As we re-enter Paris, she peers out of the window uncertainly. 'Now where are we?' Oh, God. Oh, my God, this is funny. Do you know what I've done? I'm taking you to my shrink's office. The only time I come in this way is to go to a therapy appointment.' She laughs, but almost immediately I feel her wariness from yesterday seeping into the space between us like wafts of air-conditioning. 'Oh, I'm sure you'll love writing about this,' she says.
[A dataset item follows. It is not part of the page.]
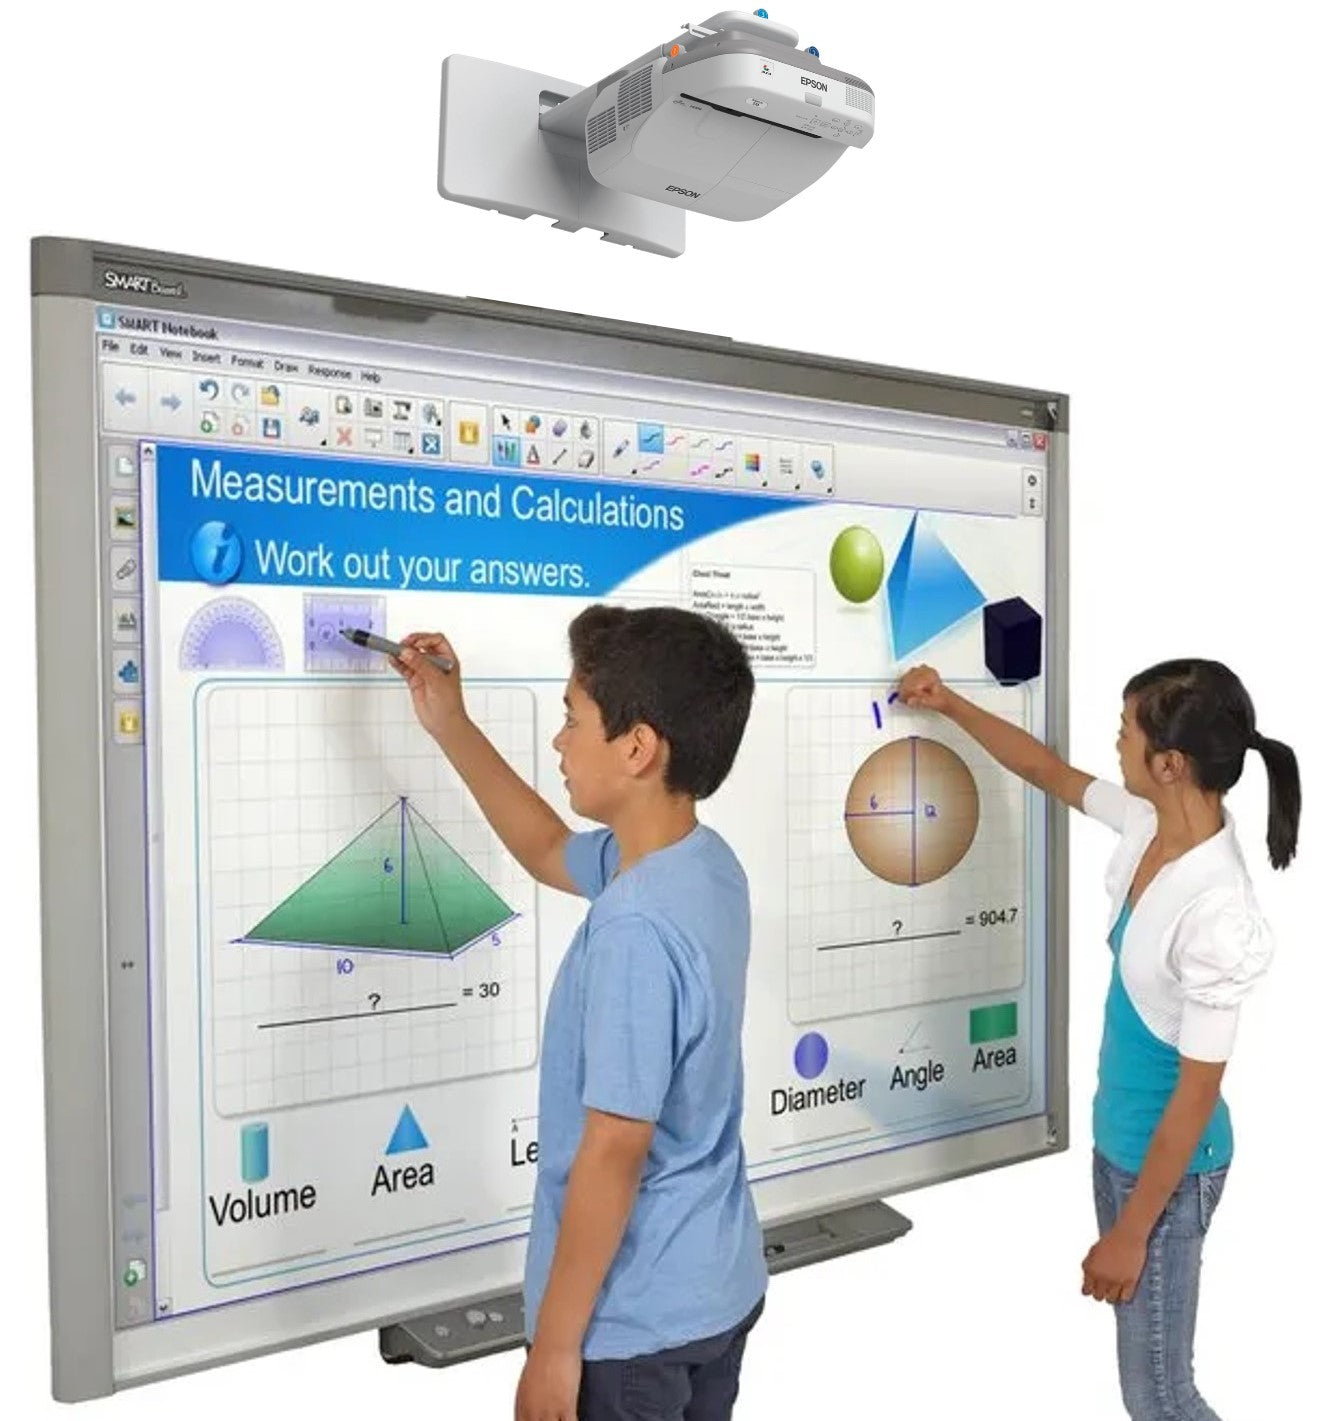 Classroom Smart Board_Interactive Whiteboard System 
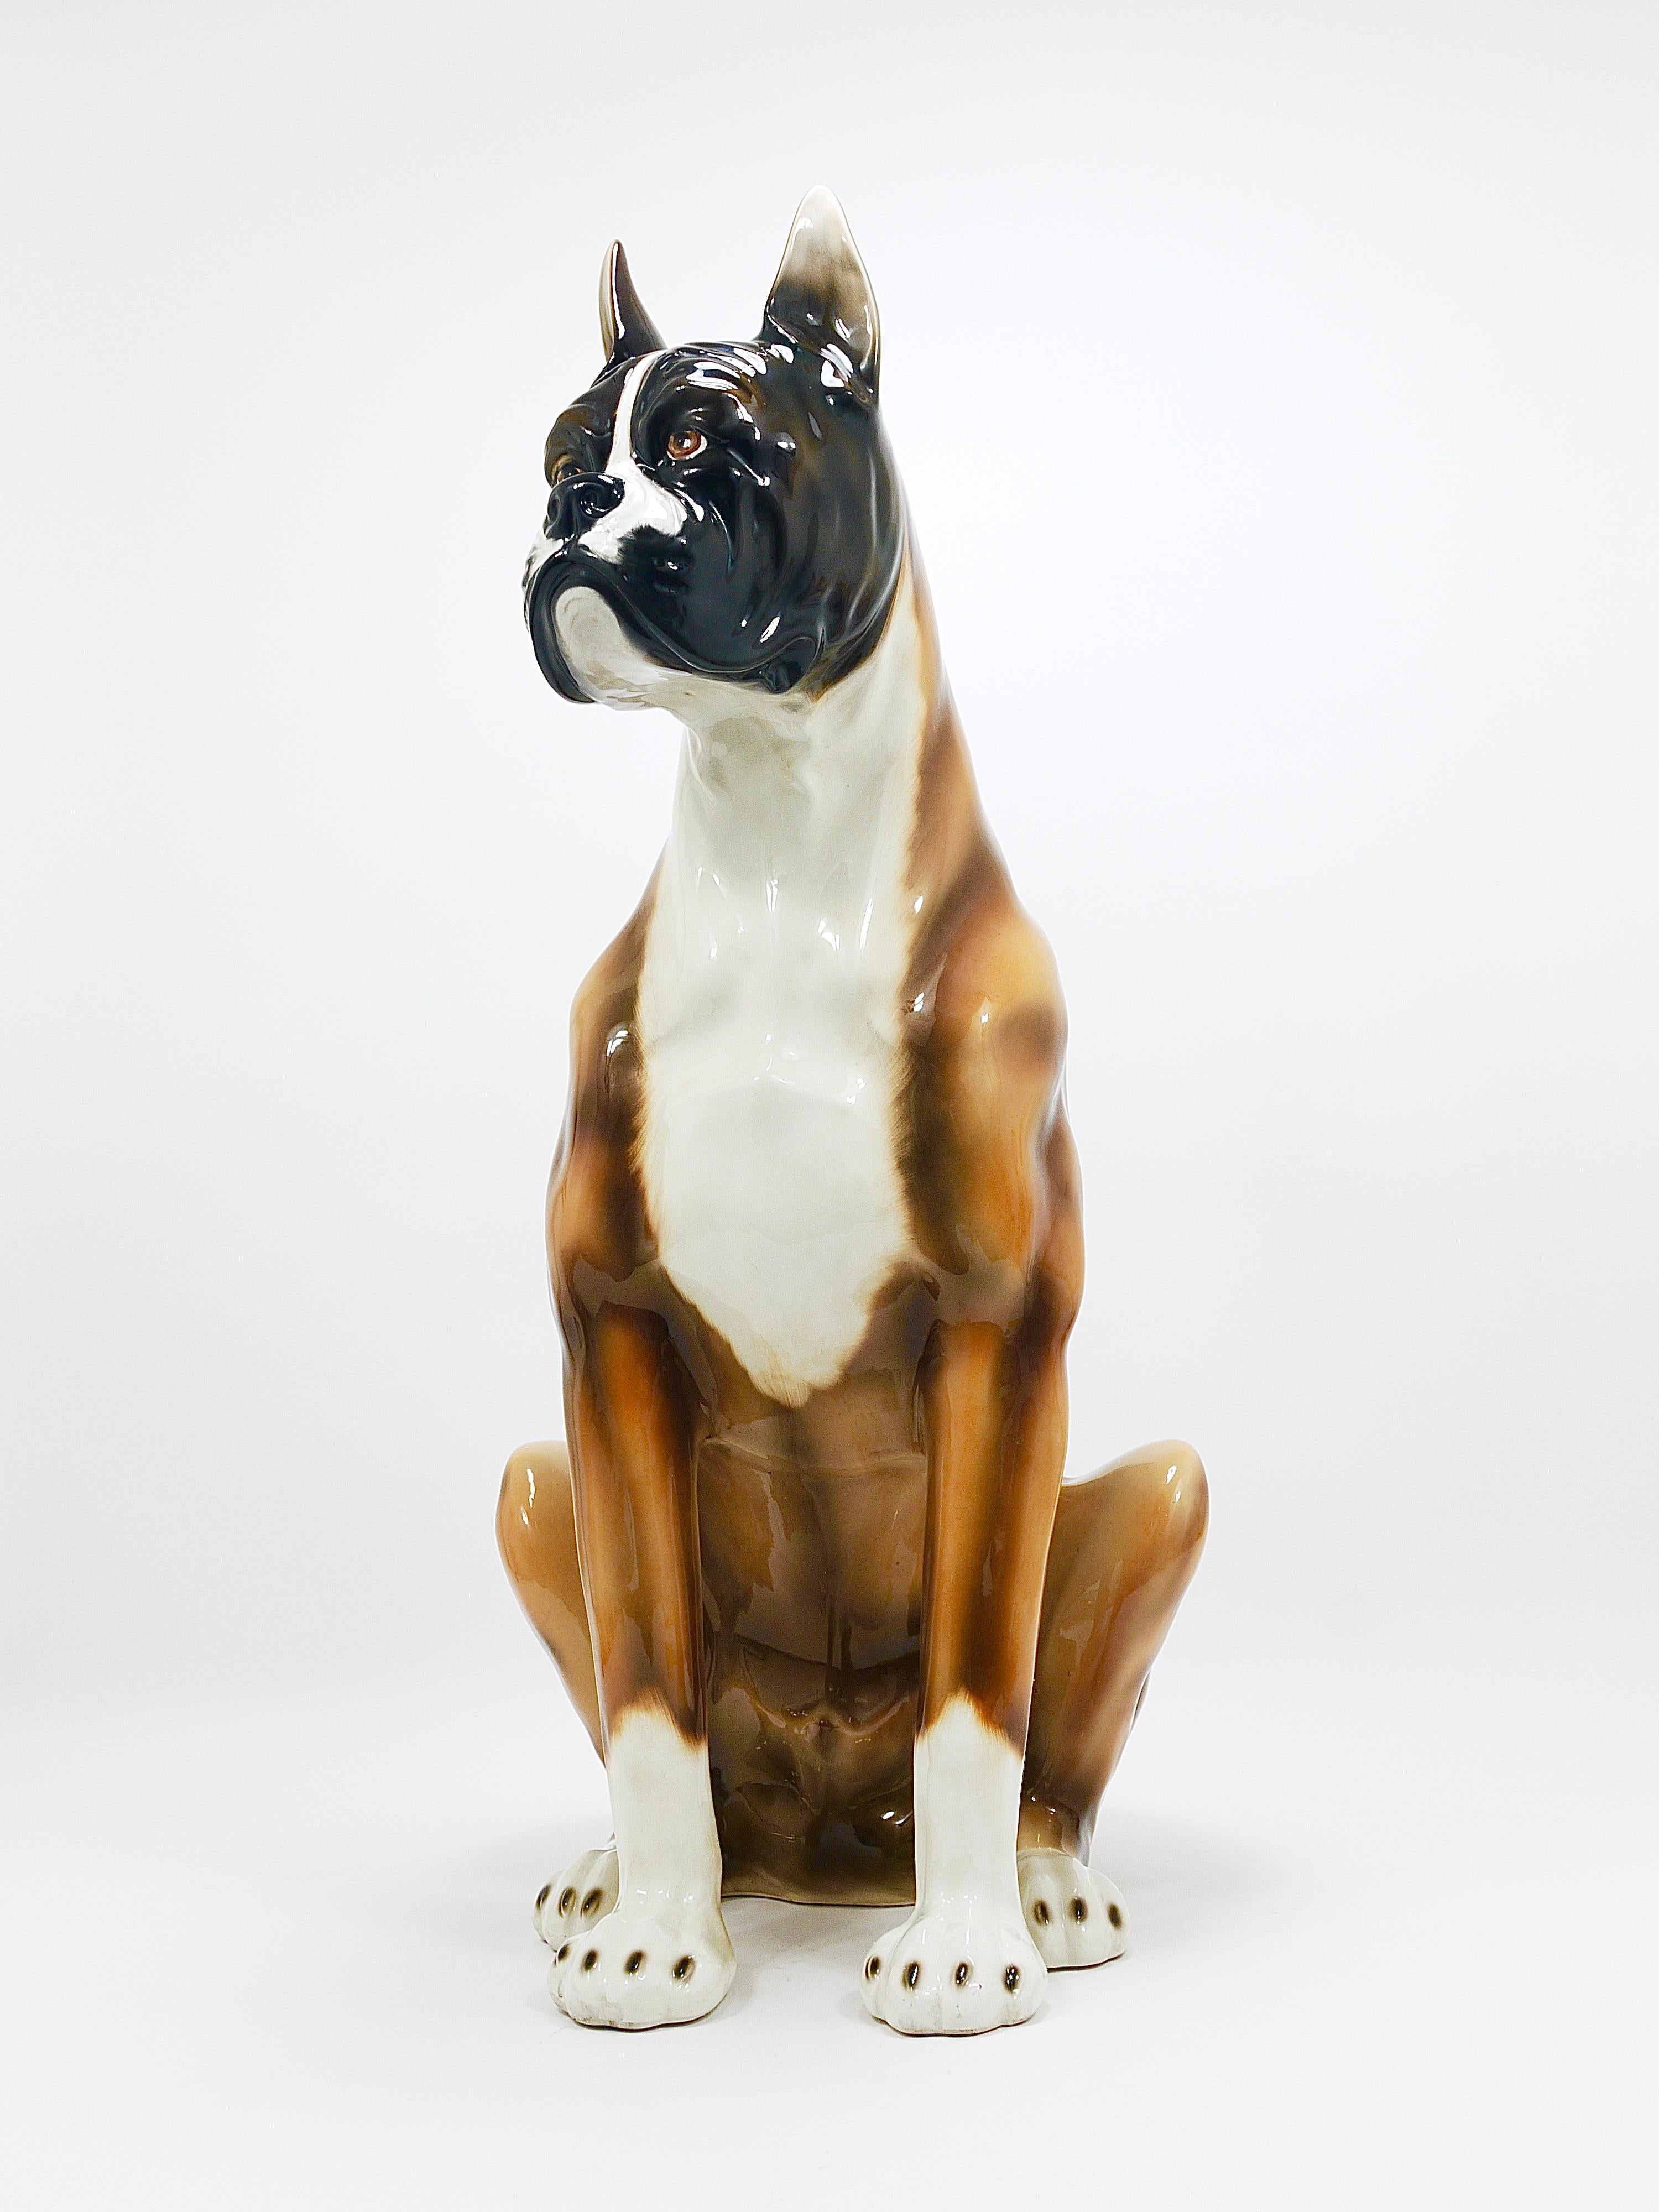 Boxer Dog Life-Size Majolica Statue Sculpture, Glazed Ceramic, Italy, 1970s For Sale 4

She had invited me to today's Pilates class. But standing in the garret-like studio, it no longer seems such a great idea. We awkwardly take turns getting changed. We studiously avoid looking at each other's flushed face as we push and pull on the machines. Maybe she feels she has said too much, displayed too much. We get dressed and walk back into the murky Paris air. 'Well I can't hang about here all day,' she says briskly, and is gone.